- Task brief:
Copy, exactly as written, the lines that begin at the one containing "Eggplant-26" and end at the one containing "04 settembre 2019, la". Skip any pictures in the data below.

-------- Material provided

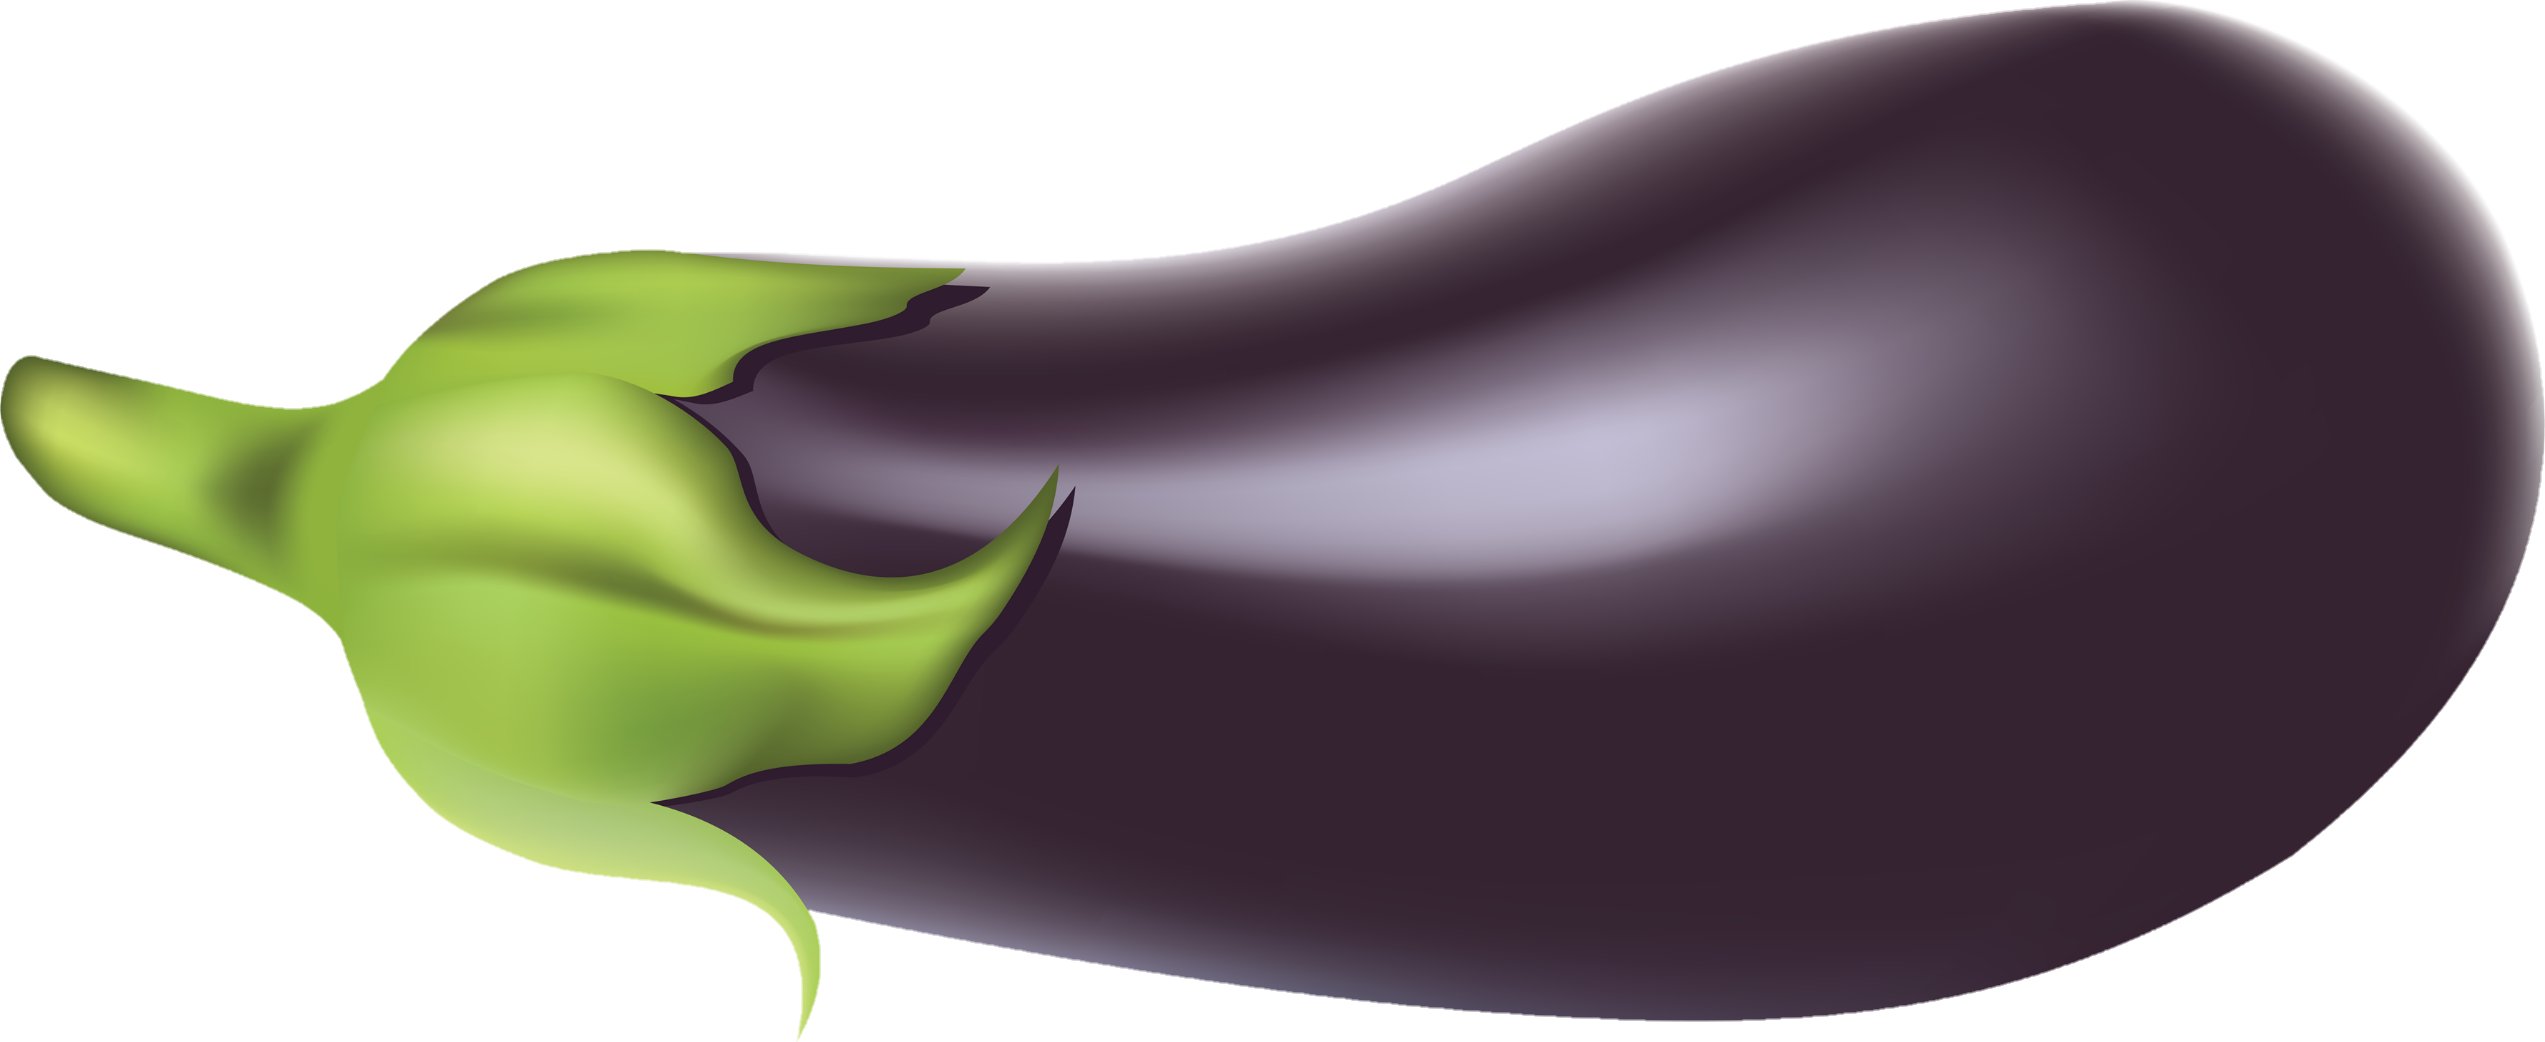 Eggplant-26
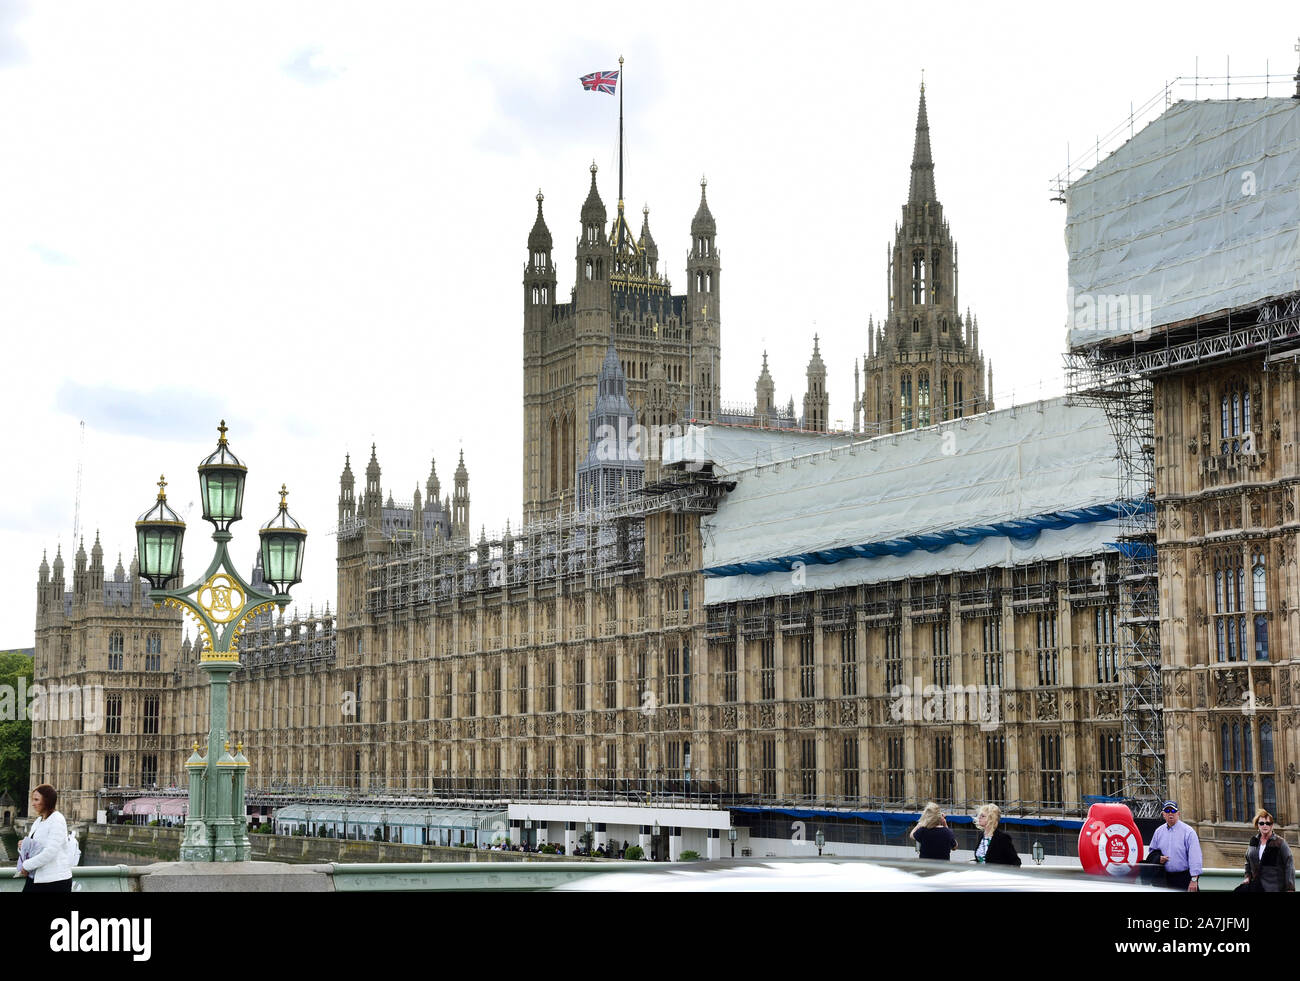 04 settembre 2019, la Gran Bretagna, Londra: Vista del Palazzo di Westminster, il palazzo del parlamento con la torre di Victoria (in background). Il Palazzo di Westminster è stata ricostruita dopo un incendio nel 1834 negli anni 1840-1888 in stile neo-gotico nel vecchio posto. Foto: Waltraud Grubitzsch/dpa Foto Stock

----------------
-------- Material provided

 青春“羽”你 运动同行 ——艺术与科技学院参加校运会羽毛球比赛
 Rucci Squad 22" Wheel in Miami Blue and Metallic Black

----------------
-------- Material provided

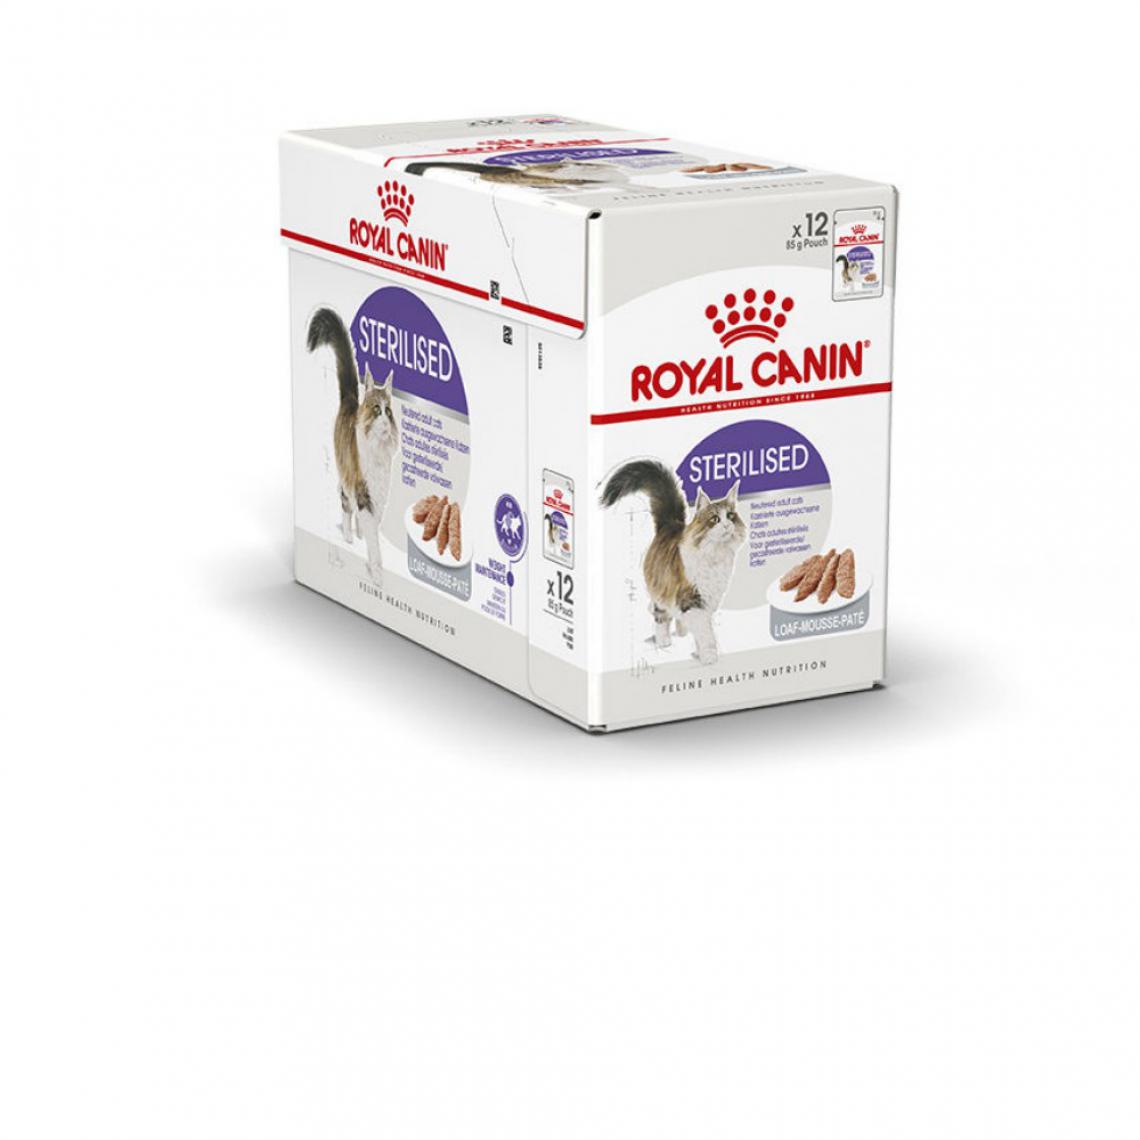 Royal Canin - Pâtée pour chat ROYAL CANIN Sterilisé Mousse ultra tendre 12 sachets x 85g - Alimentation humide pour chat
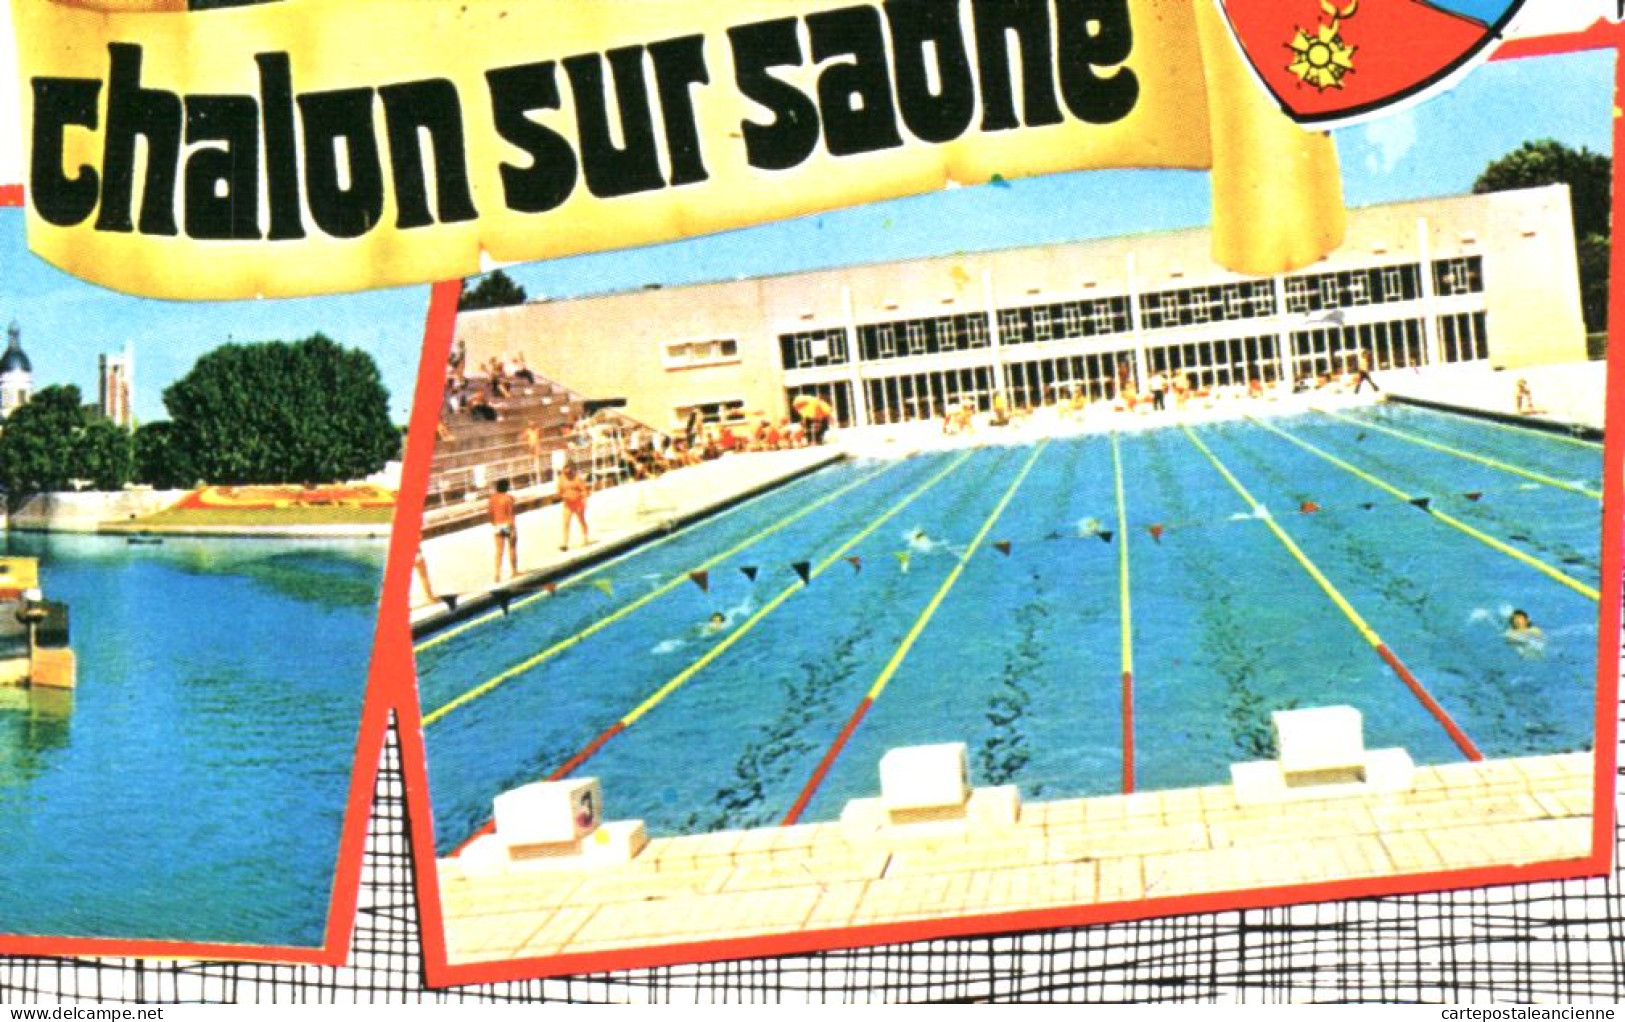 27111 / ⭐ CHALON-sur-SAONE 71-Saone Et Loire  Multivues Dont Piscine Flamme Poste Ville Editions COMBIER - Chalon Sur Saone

----------------

- Solution for this task:
 Eggplant-26
 04 settembre 2019, la Gran Bretagna, Londra: Vista del Palazzo di Westminster, il palazzo del parlamento con la torre di Victoria (in background). Il Palazzo di Westminster è stata ricostruita dopo un incendio nel 1834 negli anni 1840-1888 in stile neo-gotico nel vecchio posto. Foto: Waltraud Grubitzsch/dpa Foto Stock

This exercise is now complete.